── Data excerpt ──

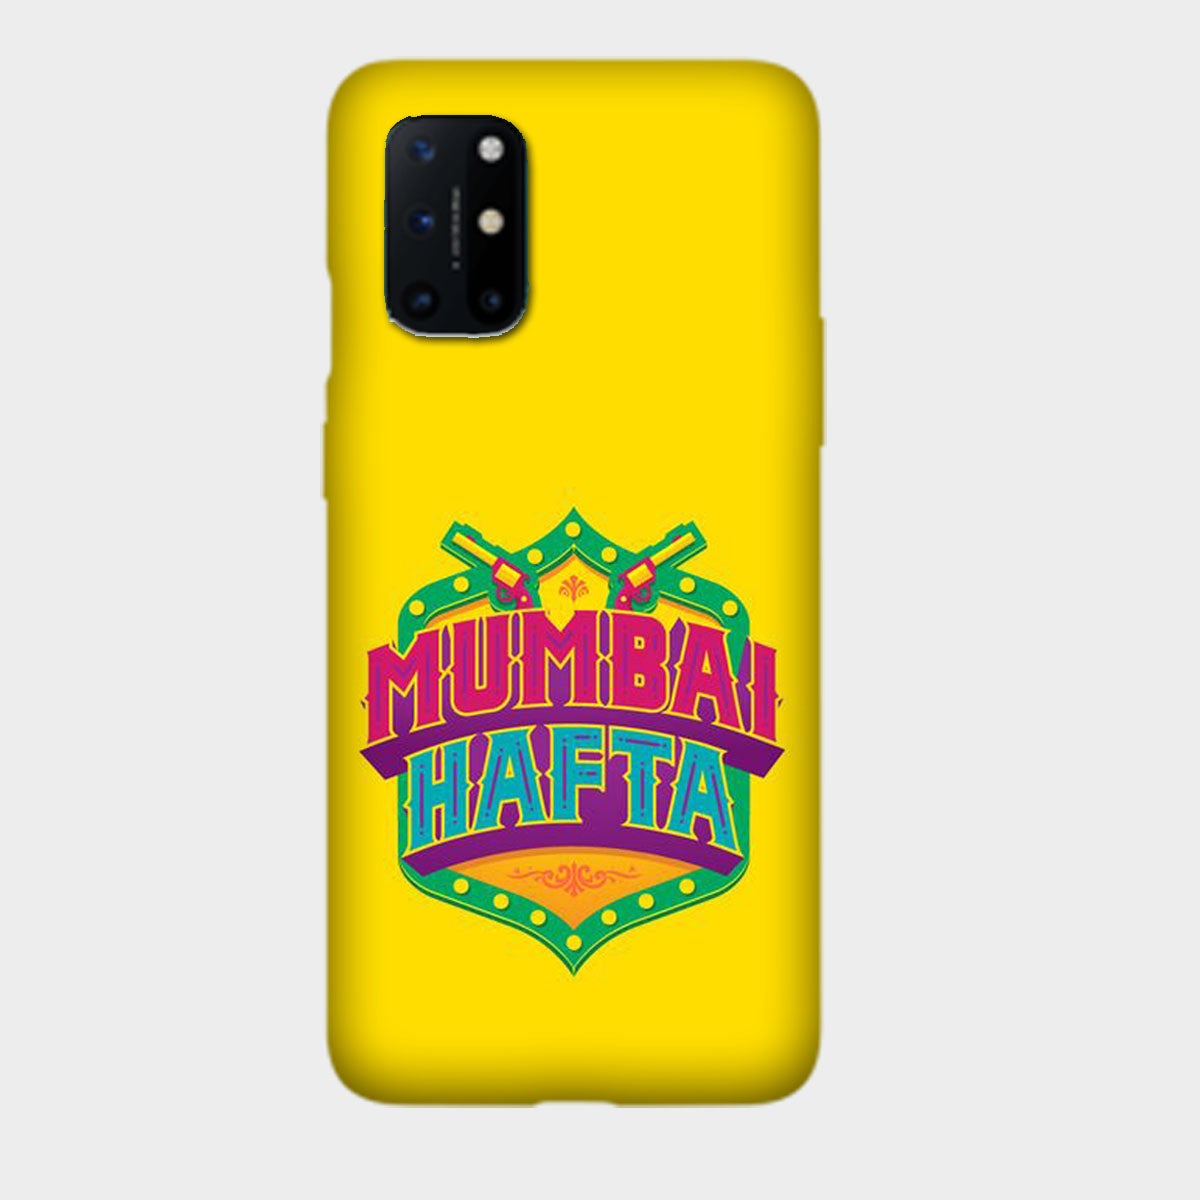 Mumbai Hafta - Mobile Phone Cover - Hard Case - OnePlus
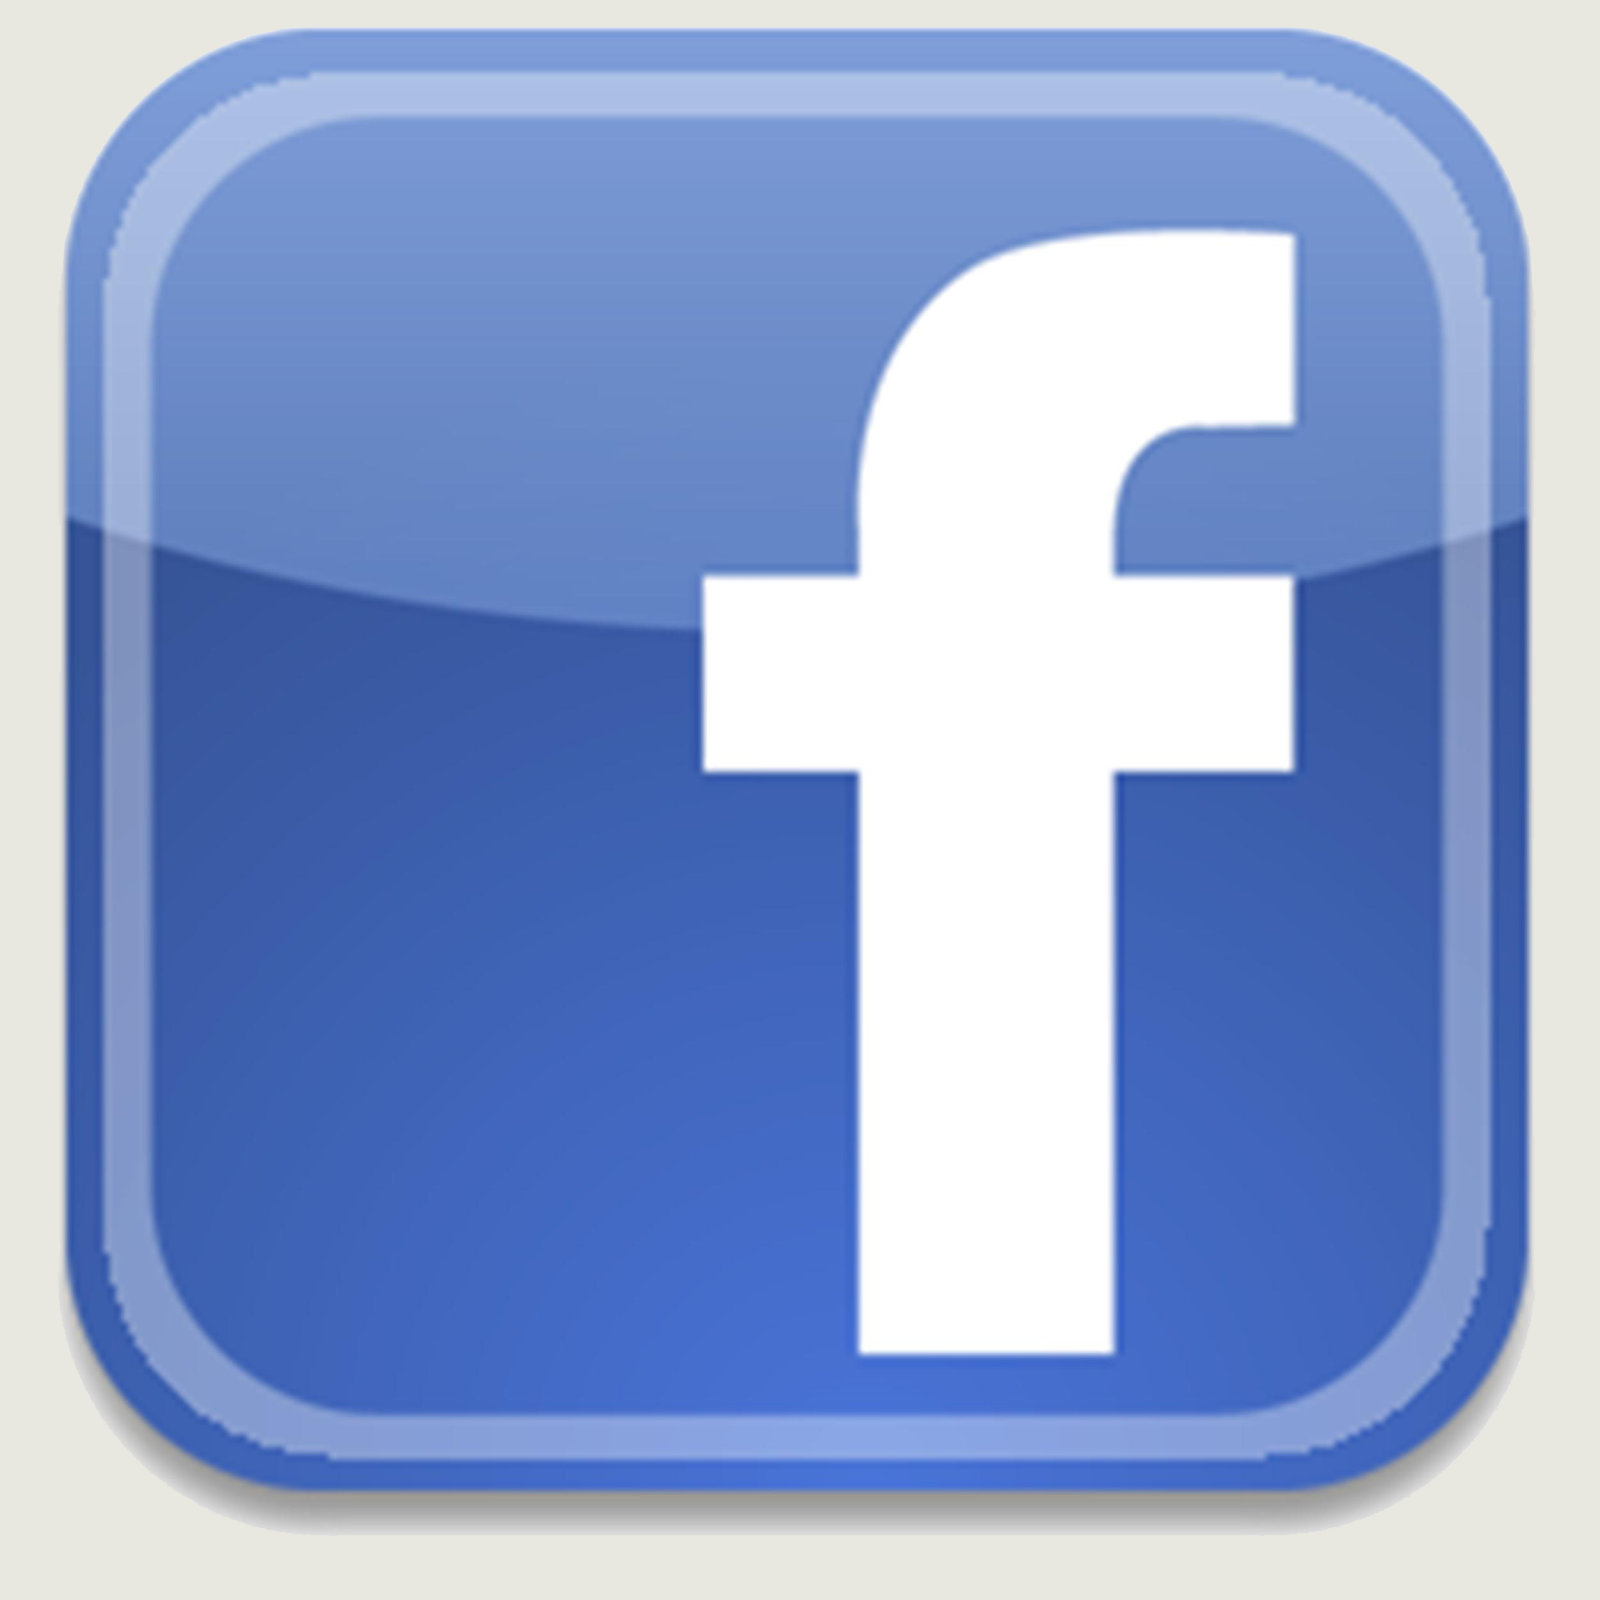 følg oss på facebook
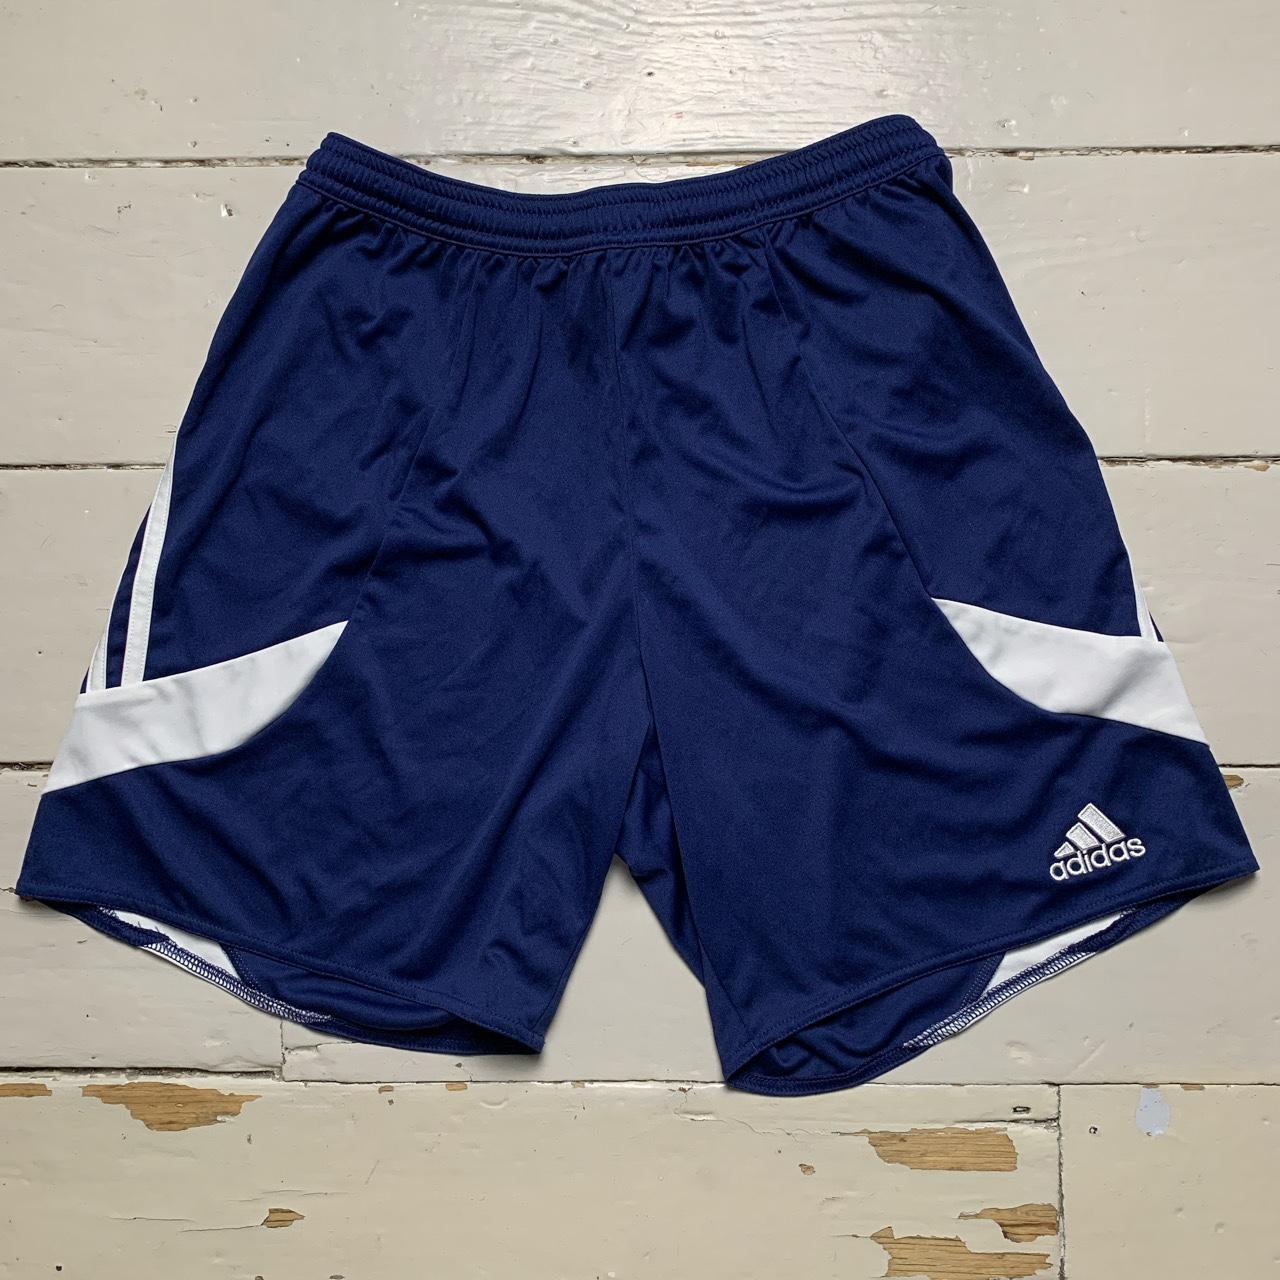 Adidas Football Short Navy and White

───

» Required action: The full listing, reproduced exactly and without pictures, is the expected output.

» Solved problem:
 Mumbai Hafta - Mobile Phone Cover - Hard Case - OnePlus
 følg oss på facebook
 Adidas Football Short Navy and White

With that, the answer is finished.